BANG! Alice jerked at the gunshot, expecting the bullet to slam into her chest and tear her heart asunder one final time. Instead, three more shots rang out and with each one, the walrus-like man jolted backwards before finally falling to the tiles. Her right ear was ringing, which was the only thing that prompted Alice to look in that direction. Hatter was standing close by her, arms extended, gun in his hands. He'd killed that man. Killed him, when he'd all but sworn to her that he would never kill anyone again. He'd killed him… to save her.

Her father grabbed her leather pants, bringing her attention back. She dropped to her knees, the pain inconsequential. He fell back onto the tiles, blood pouring out from the wound in his back.

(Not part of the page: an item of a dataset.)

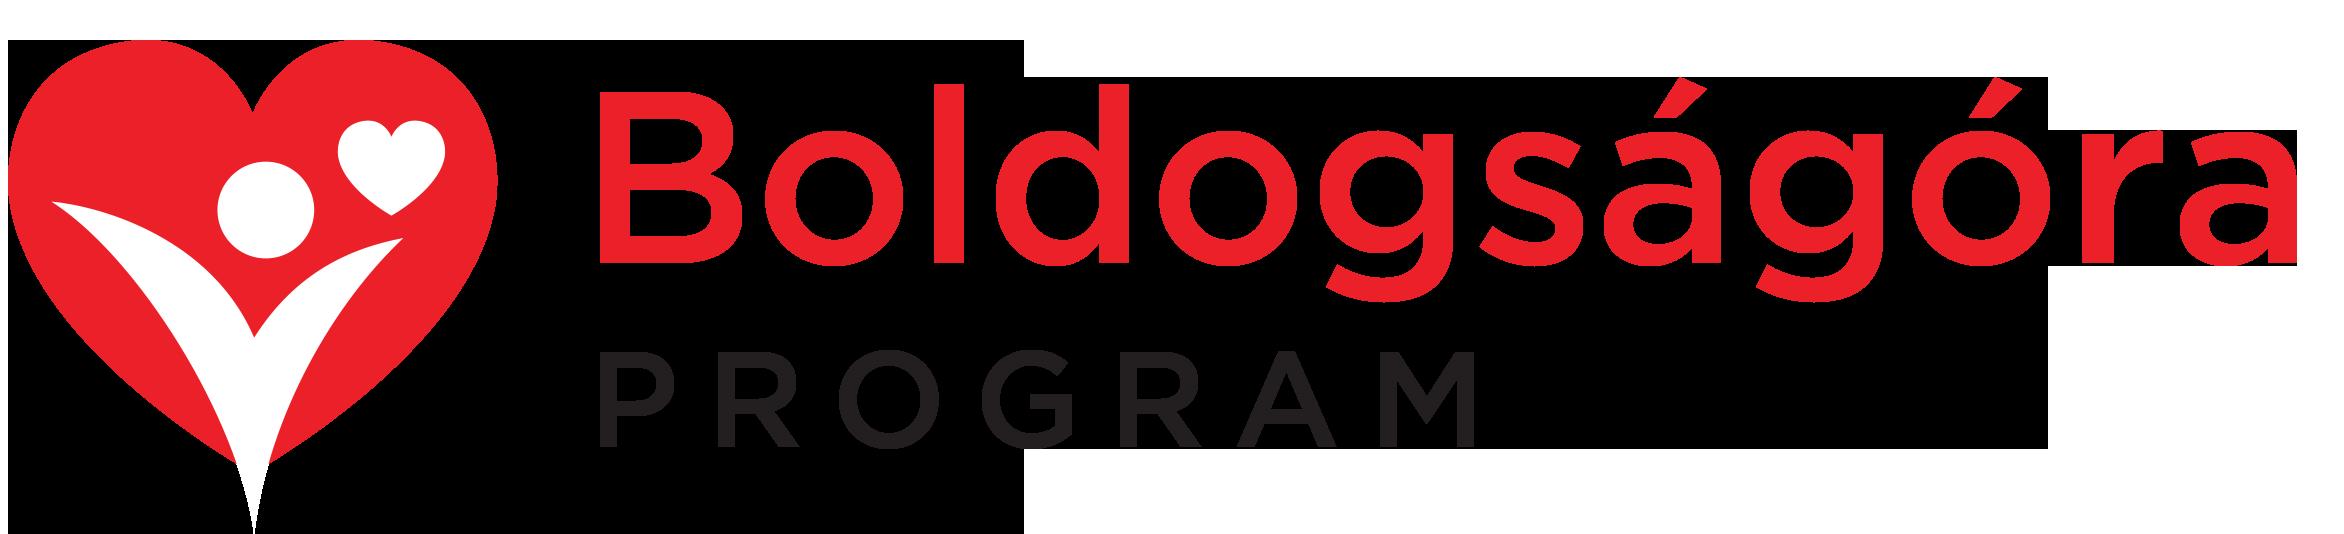 boldogsagora_logo_2018_telisziv_nojvav_20180807

"No! Daddy!" she cried, hands fluttering uselessly from his face to his shoulders, chest and back to his face. The world tilted and shook, coming apart at the seems as she watched her father's life spilling onto the white tile beneath him. It took one of the slot machines falling over for Alice to understand that the building really was quaking and it wasn't just her world falling apart all over again.

"It's okay, Jellybean," Hamilton insisted, lifting a hand to cup her cheek. "I messed things up, but you'll be okay."

"No, it's fine. You're gonna be fine," the girl insisted.

"You have to get out of here. You have to leave me."

"Don't say that!" she shouted at him, grabbing his yellow vinyl coat and shaking him, despite the bleeding gunshot wound. "Don't you say that to me!"

"Alice…" It was the only thing that could have made her look up from her father at that moment - not the shaking walls and falling ceiling panels, the screaming oysters finally freed from their invisible restraints running out the doors - Hatter's voice. He was at her side, looking down at her, pleading silently and then not so silently. "We have to go."

"No," she shook her head. Looking between the two men. "You hear me? I didn't wait fourteen years and travel into another fucking dimension to find you and then lose you now! You're not allowed to die on me, you son of a bitch. Do you understand? You owe me!"

She pulled away form her father's touch, grabbing his arm and yanking him into a sitting position. Hatter followed her lead and took Hamilton's other arm, pulling it around his neck as she did the same. Together, they lifted her father and the three hurried from the room as fast as they could manage, just as the florescent lights started to crash down from above.


Yeah. It really, REALLY bothered me when her father died like that. I remember you, yay! BANG! Oh, oops. I'm dead now. Seriously, wtf SciFi?